She doesn’t.
“If I let you do this,” she says softly, “you stop trying to turn my life into a parade?”
“I stop nothing that keeps you breathing,” I say. “But yes. I won’t make a scene. I’ll make a wall.”
Dr. Conte is already in the hall by the time I open the door.
Small woman.
Steady hands.
Eyes that see through excuses.
She takes one look at Elisa and holds out a gown.
“Come on,” she says. “We’re going to take a picture and make the men shut up.”
I stay in the chair by the door while they work.
Machines hum.
Gel smells like lemon.
A heartbeat flickers through the speaker, quick and sure.
It punches the inside of my ribs.
I don’t say a word. Elisa doesn’t either.
Dr. Conte angles the screen toward Elisa and away from me like a quiet boundary and then, when she’s ready, she turns it toward me too.
“Everything looks the way it should,” she says. “No bleeds. No flags. Your blood pressure is a little high, but I could have told you that when I saw his face.”
Elisa laughs for real at that. It breaks something tight in me.
I stand and thank the doctor in a way people in this building understand.
She takes the thanks and the envelope and tells me to stop hovering by the hinge like a cartoon bodyguard.
Alvarez calls while Elisa is tying her hair back.
“You have a gift for timing,” he says. “Security brought me a dumb kid with peppermint on his breath and a knife he bought with cash. Says he was trying to snatch his kid sister from a bad boyfriend. Says you’re the boyfriend. Says a lot.”
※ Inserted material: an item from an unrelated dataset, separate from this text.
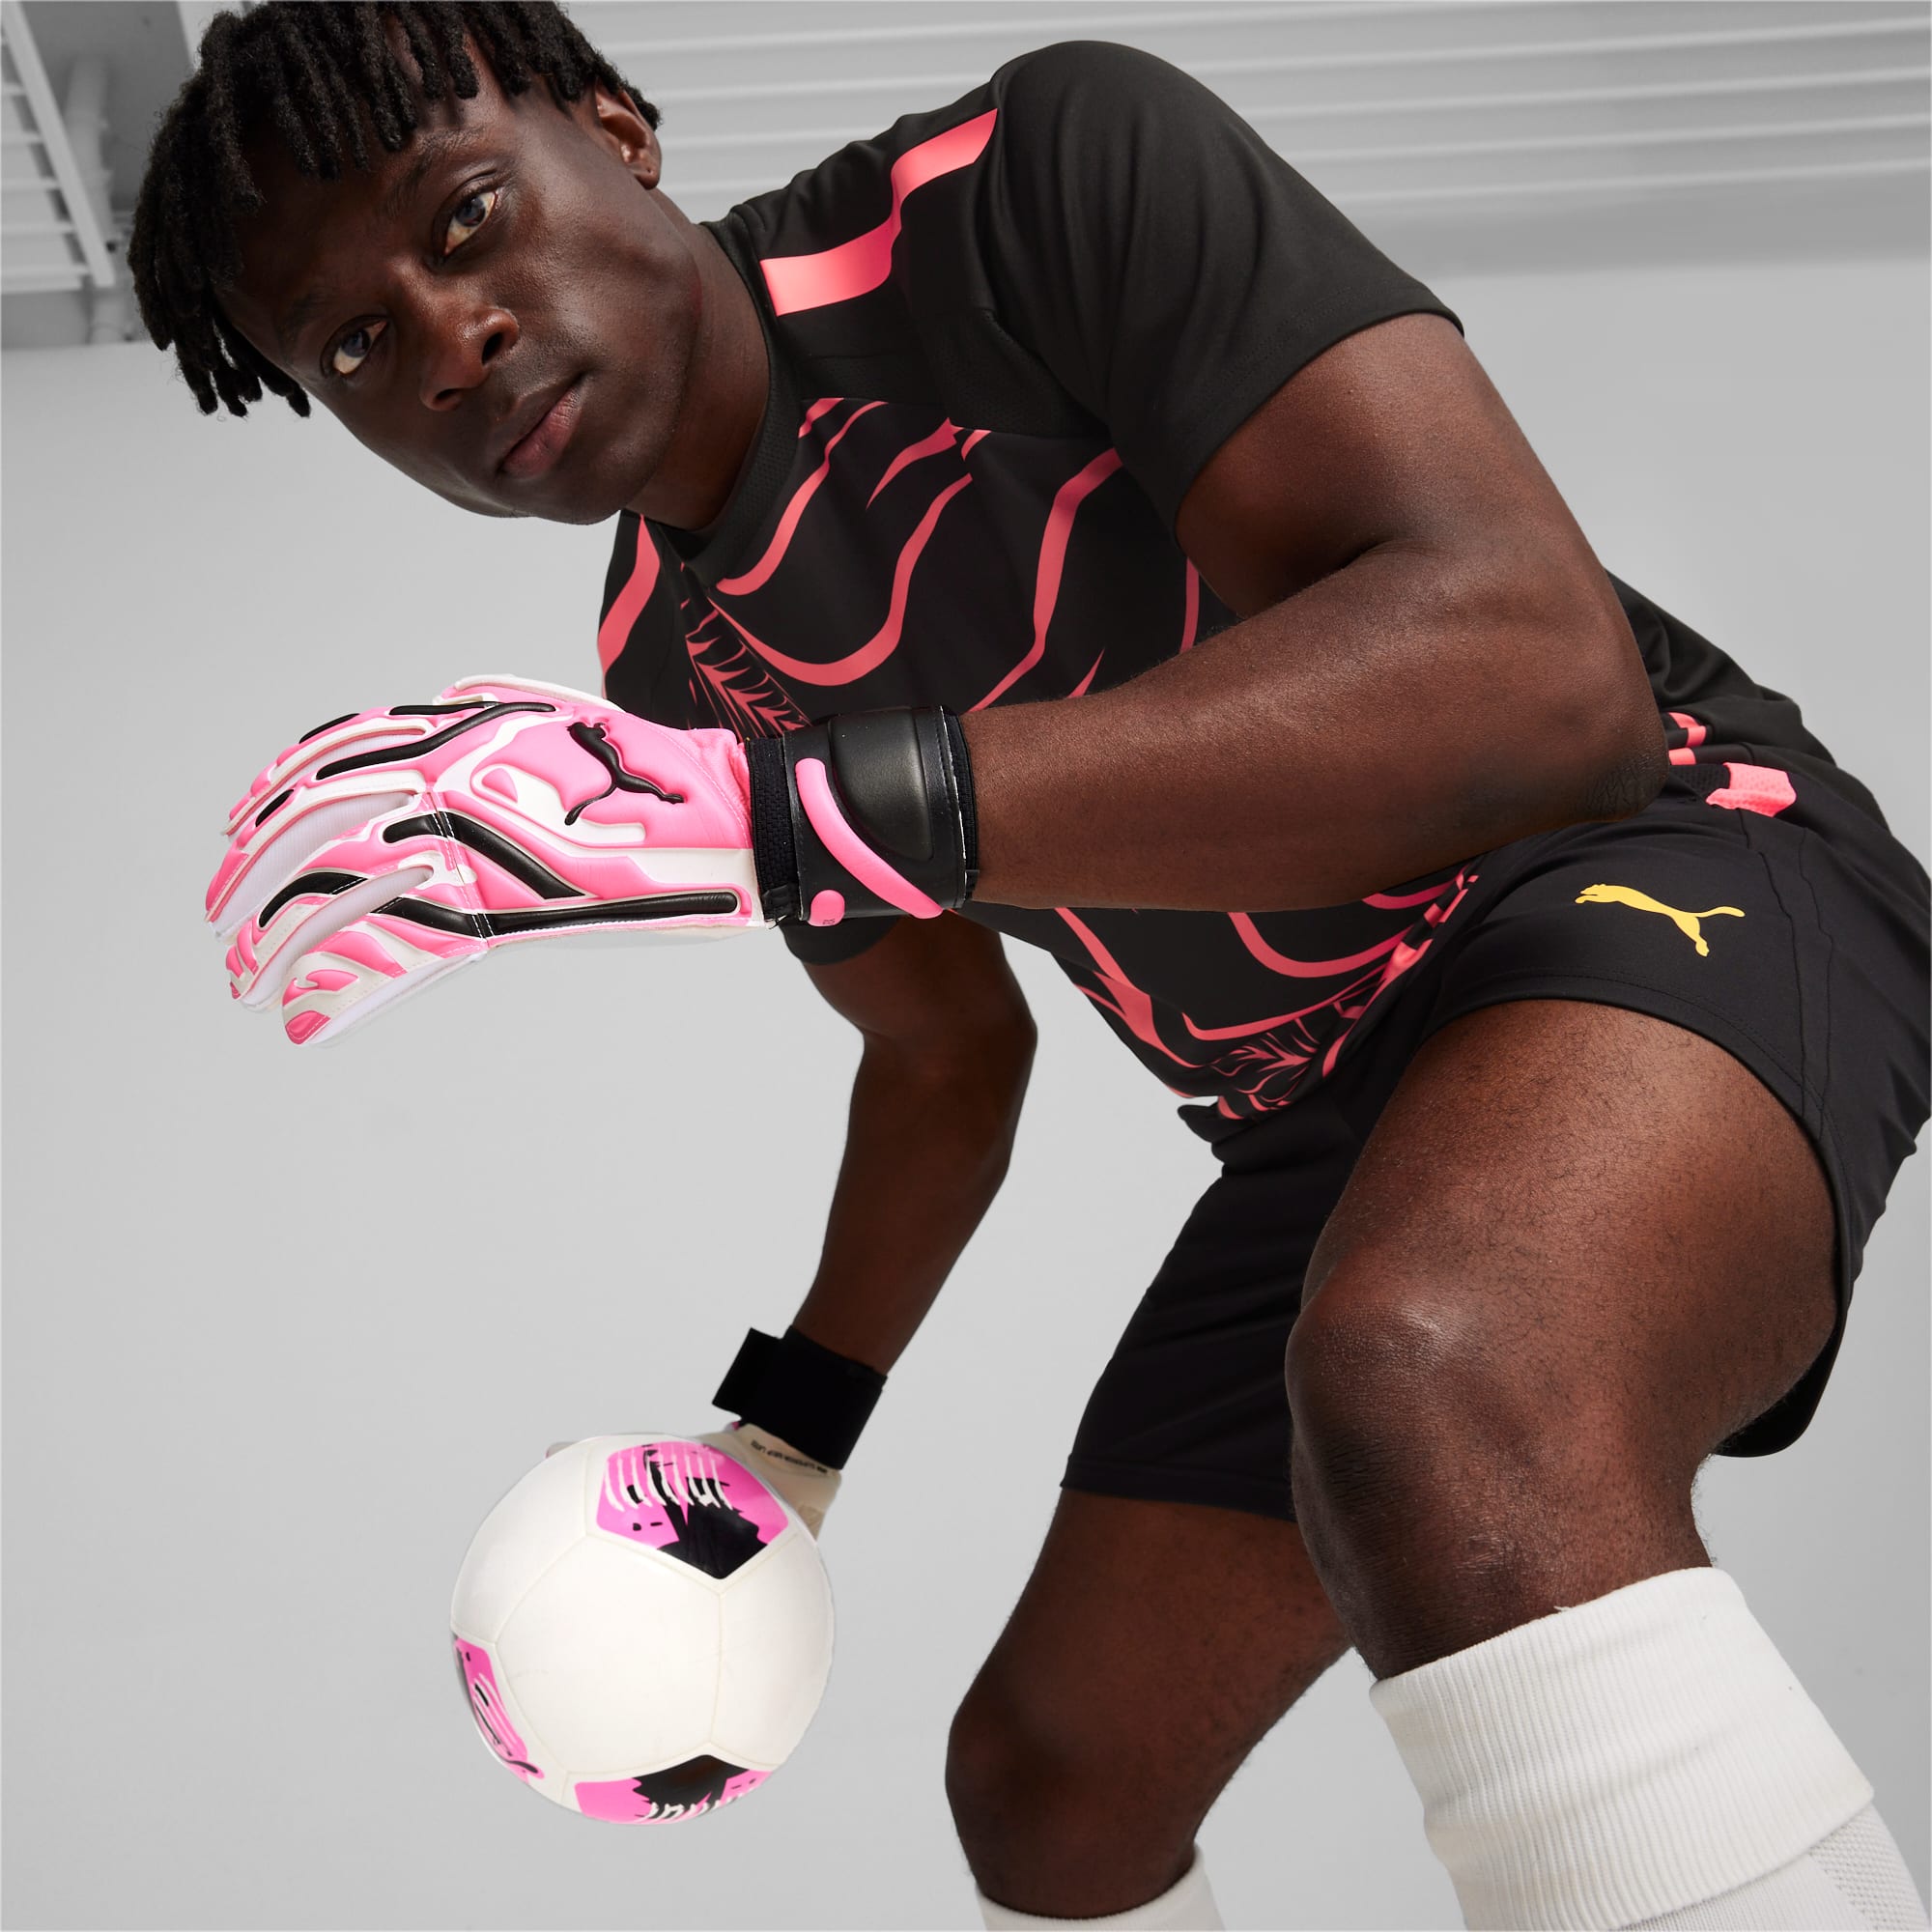 Women's PUMA Ultra Pro Rc Goalkeeper Gloves, Poison Pink/White/Black, Size 9, Accessories

“Does he have a name?” I ask.
“Today he’s ‘Don’t Remember.’ Yesterday he was probably ‘Cash Upfront.’” Alvarez lowers his voice. “Plate on the SUV you shookthis morning comes back to a funeral home on Staten Island that’s been closed for a decade. Your fan club’s learning new tricks.”
“I want his phone,” I say. “And I want ten minutes with him before you move him. He’s not made for a room with you. He’ll crack on the wrong thing.”
“Can’t do the ten minutes,” Alvarez says. “But I can step out for coffee and forget my recorder is on. Two minutes. In the sub office. Keep it clean.”
“Always,” I say and hang up.
Elisa hears enough to catch the shape.
“You’re going to go scare a kid,” she says.
“I’m going to go make sure the next one stays away,” I say. “Rafe will sit outside this door. Tino will watch the other hall. You lock this from the inside and you don’t open it for anyone who doesn’t say my name.”